Но Цецилия перебила их, - она поняла, что дело может кончиться неприятностями для Бебия, - и голос ее прозвучал предостерегающе:

- Все это сплетни, дорогая Лоллия! Югурта не мог посетить народного трибуна, потому что он виделся в этот день со своим родственником Массивой, сыном Гулуссы и внуком Масиниссы!

- Но ты сама говорила! - вспыхнул Сатурнин.

- Я говорила? Когда?

- Замолчи, лживая женщина! Сказками о свидании Югурты с Массивой дела не поправить! Всем известно, что Массива бежал в Рим после сдачи Цирты и убийства Адгербала и теперь, по совету Спурия Альбина, добивается царской власти в Нумидии. Следовательно, Югурта не мог навестить своего врага!

Люция не слышала, занятая едой. Но резкий голос Сатурнина заставил ее насторожиться. И она решила поддержать Цецилию:

- Конечно, благородная матрона права. И я могу поклясться Юпитером, что Югурта, побывав у Гая Бебия, отправился к… (она забыла имя Массивы и растерялась) к… как его имя? Масинисса? Не помню…

Сатурнин расхохотался. Это было невежливо по отношению к гостье (даже Меммий смутился, а Веттий покраснел), но временами на него находили приступы веселья и тогда он пугал грубым, неприятным смехом окружающих. И сейчас, опрокинувшись на ложе, хватаясь за живот, он захлебывался от хохота, багровый от напряжения, потный, с залитым слезами лицом.

- Перестань, перестань! - шептал Меммий, - Ты обидел амфитриона и его гостью, ты…

Марий молча наблюдал за ними. Его хмурое волосатое лицо кривила презрительная усмешка, а мрачный взгляд, казалось, говорил: "Не обманете, вижу насквозь - и вас, и гостей, и никому не верю; потому что все вы негодяи".

А Люция переглядывалась с мужчинами; любовников у нее было много, и она обдумывала, как распределить дни свиданий и как поискуснее обмануть подозрительного мужа.

Лоллия и Цецилия поспорили. Размахивая руками, они оскорбляли друг дружку грубой бранью. Марий смотрел на их возбужденные лица, и ему становилось весело.

- Ты, подлая, бегала к Гаю Бебию, как субуррадка! - кричала Лоллия, размахивая обглоданной куриной ножкою. - Ты развратила добродетельного супруга добродетельной жены! Твои бесстыдные ласки знакомы всему Риму!

- Лжешь, потаскуха!

Глаза Лолии округлились. Она с ненавистью смотрела на густо покрытое румянами поблеклое лицо матроны и вдруг размахнулась, швырнула в нее обглоданной костью.
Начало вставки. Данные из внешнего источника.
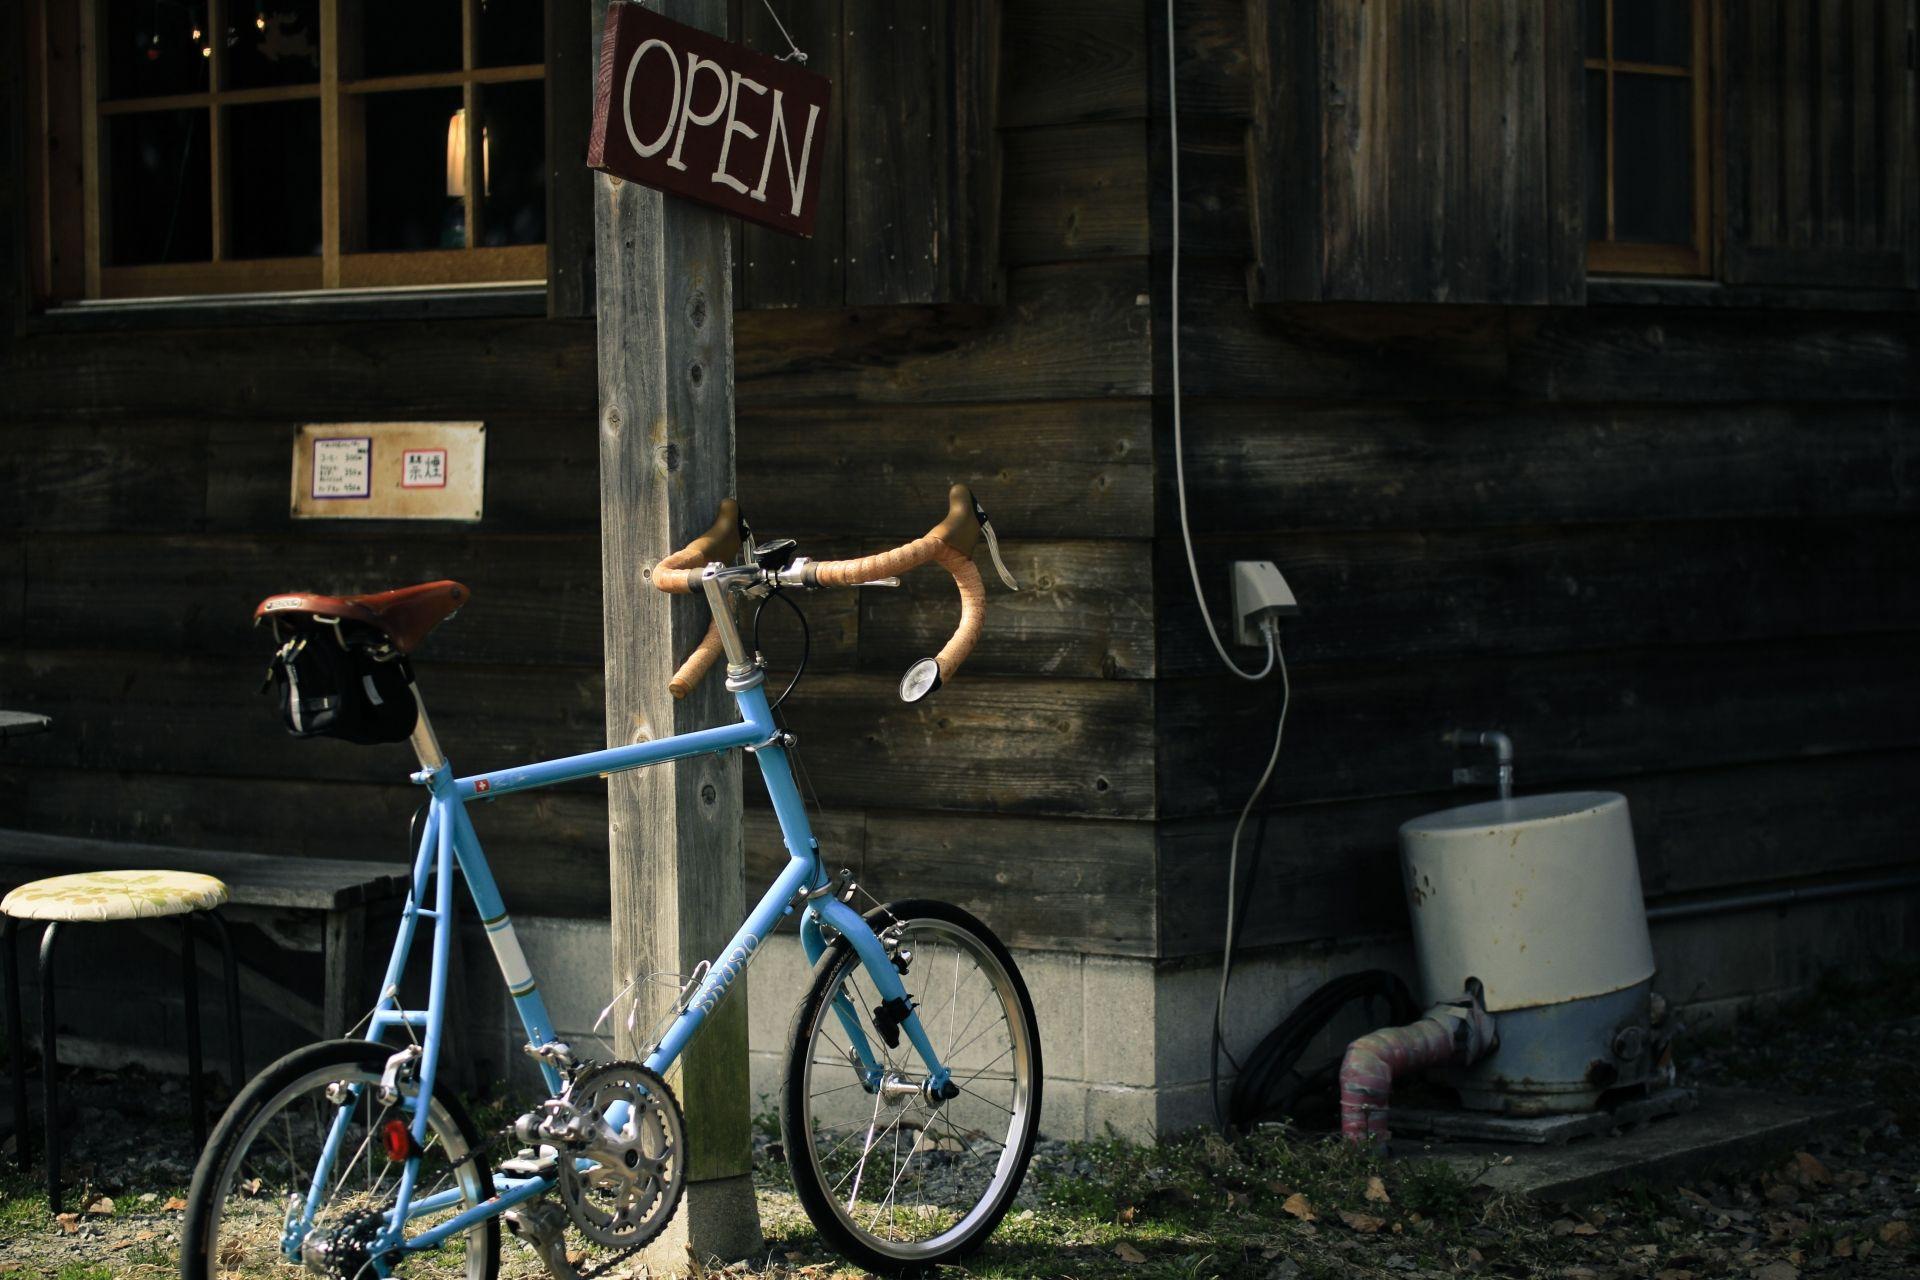 ミニベロ・小径自転車などを考えているのだが【ミニベロチェック】

Цецилия вскрикнула. Из разбитой нижней губы текла кровь, на побледневшем лице застыл испуг, и, матрона прижимала ладонь к ране, вздрагивая всем телом.

Веттий растерялся; он умолял Цецилию возлечь за другим столом, где случайно освободилось место (один старый раб, объевшись, внезапно умер, и его поторопились выволочь наружу), но разъяренная женщина воспротивилась:

- Я ее искалечу, подлую! Она, дочь полуплебея, подняла руку на патрицианку!..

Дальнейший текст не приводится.